Democratic Labour Party candidate for St Peter, Jason Phillips, has unveiled an ambitious plan promising new roads, improved water systems, expanded healthcare and housing reform, as part of a sweeping agenda to revitalise the northern constituency.
At a campaign meeting in the parish, the candidate made infrastructure and road repairs a central pillar of his platform, pledging to lobby for major rehabilitation works across key routes in the parish.
“I will push for a structured road rehabilitation programme for St Peter, with priority corridors including Boscobel to Speightstown and Indian Ground to Speightstown,” he said. “Roads must be properly paved, properly drained, and properly lit. No more patchwork.”
Phillips also promised improvements to street lighting, arguing that residents deserved safer road conditions. “We need some lighting on the roads too,” he said.
Garbage collection and environmental management also formed a major component of his proposals, with the candidate promising more reliable waste collection systems and community involvement in keeping neighbourhoods clean.
“We will advocate for fixed collection schedules, community morning groups, and more waste management partnerships,” he said. “Clean communities foster pride, improve health, and cater to safer neighbourhoods.”
Water reliability and quality were highlighted as another major issue, with Phillips pledging to demand greater investment in the island’s water infrastructure.
“I will demand accountability and investment in water infrastructure, so residents receive clean, reliable water. No household should have to question whether their water is safe to drink,” he stated.

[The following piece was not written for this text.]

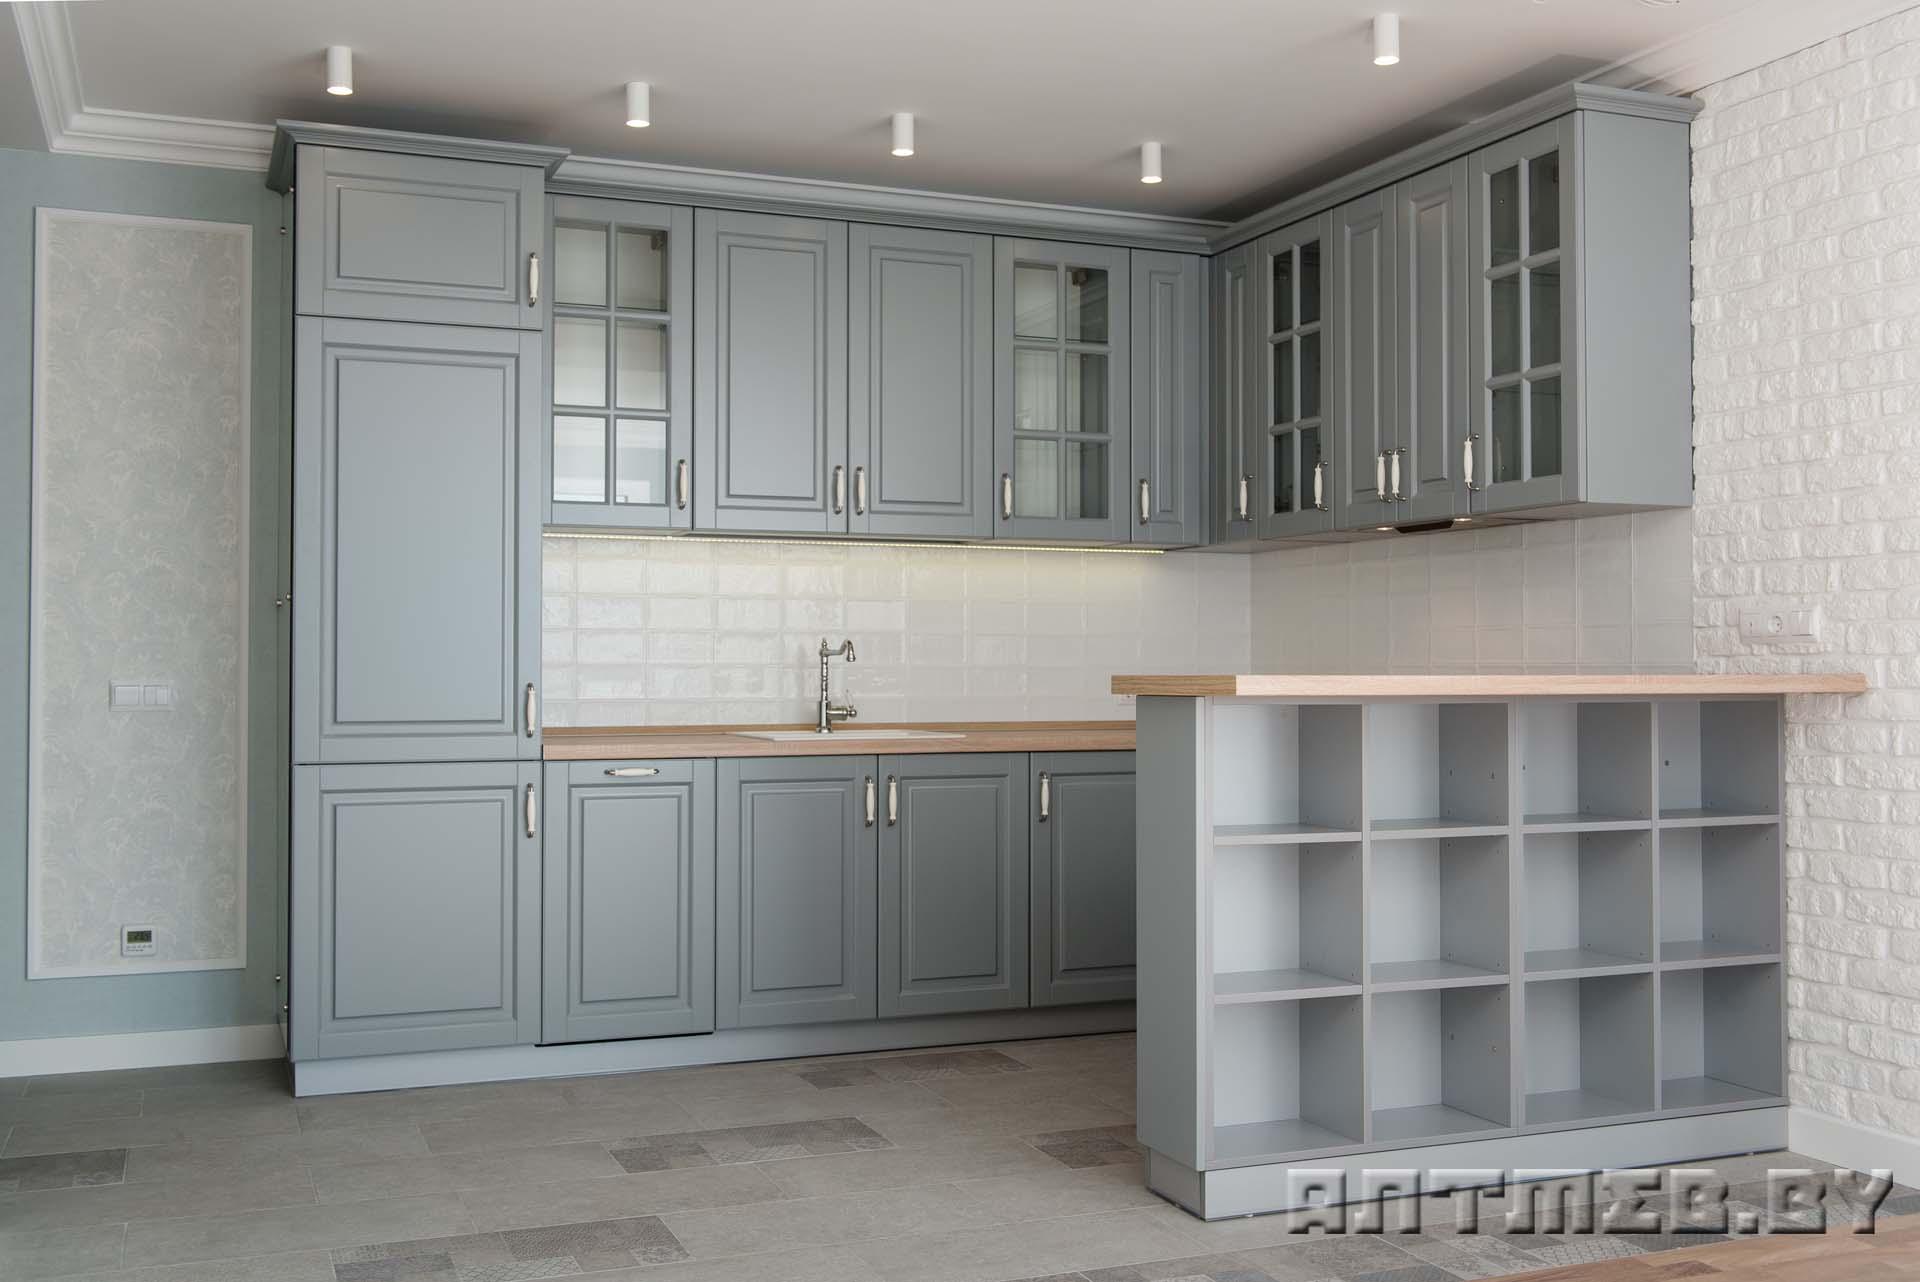 Нестандартные угловые кухни под заказ в Минске от компании AntMeb

Housing and land ownership reforms, particularly in Six Men’s Village, featured prominently in his address. Promising to ensure residents obtain legal ownership of lands they occupy, he told the audience: “Under my representation, land regularisation will be transparent, time-bound, and properly executed.”
He also outlined additional community development initiatives for Six Men’s Village: “I am going to ensure that there’s a resource centre in Six Men’s for the young people to have somewhere to go. I’m going to ensure that there’s a hard court that children after school.”
Healthcare transformation formed another key campaign promise, with Phillips proposing significant upgrades to the Maurice Byer Polyclinic.
“There’s absolutely no reason why the Maurice Byer Polyclinic cannot be upgraded to a mini hospital,” he said. “It must open 24 hours, seven days a week. We want an ambulance bay with three or four ambulances. We want an accident and emergency department, and I want to have about three or four wards.”
He argued that such an upgrade would benefit residents across northern Barbados, adding that the facility should “cater for all the people in St Peter, all of the people in St Lucy, the northwestern tip of St Andrew, and the northern tip of St James.”
Phillips also outlined plans aimed at boosting employment and economic activity among young people through training and agricultural development programmes. “We will fight for skills training, apprenticeships, digital and technical education, and partnerships with private sector businesses so young people can earn, learn, and build careers right here in St Peter,” he said.
He further promised to support policies aimed at reducing the cost of living, noting, “I will support policies that reduce the price of basic food items, expand local agriculture, and protect the working poor from being crushed by rising costs.”
Following the meeting, Phillips reiterated his campaign message, saying his public visibility and engagement with residents were not strategic but reflective of his personality and approach. “I’m just being me. I go out, I meet people, I listen to people,” he told Barbados TODAY. “People are hurting. The cost of living is way too high for people.”
He also outlined his personal qualifications, adding, “I’ve been a teacher for 26 years. I’m a practising lawyer… What I’m bringing to the table is transformation. I am one of the people.”
Asked to describe his leadership style in two words, he responded: “Energetic and real.”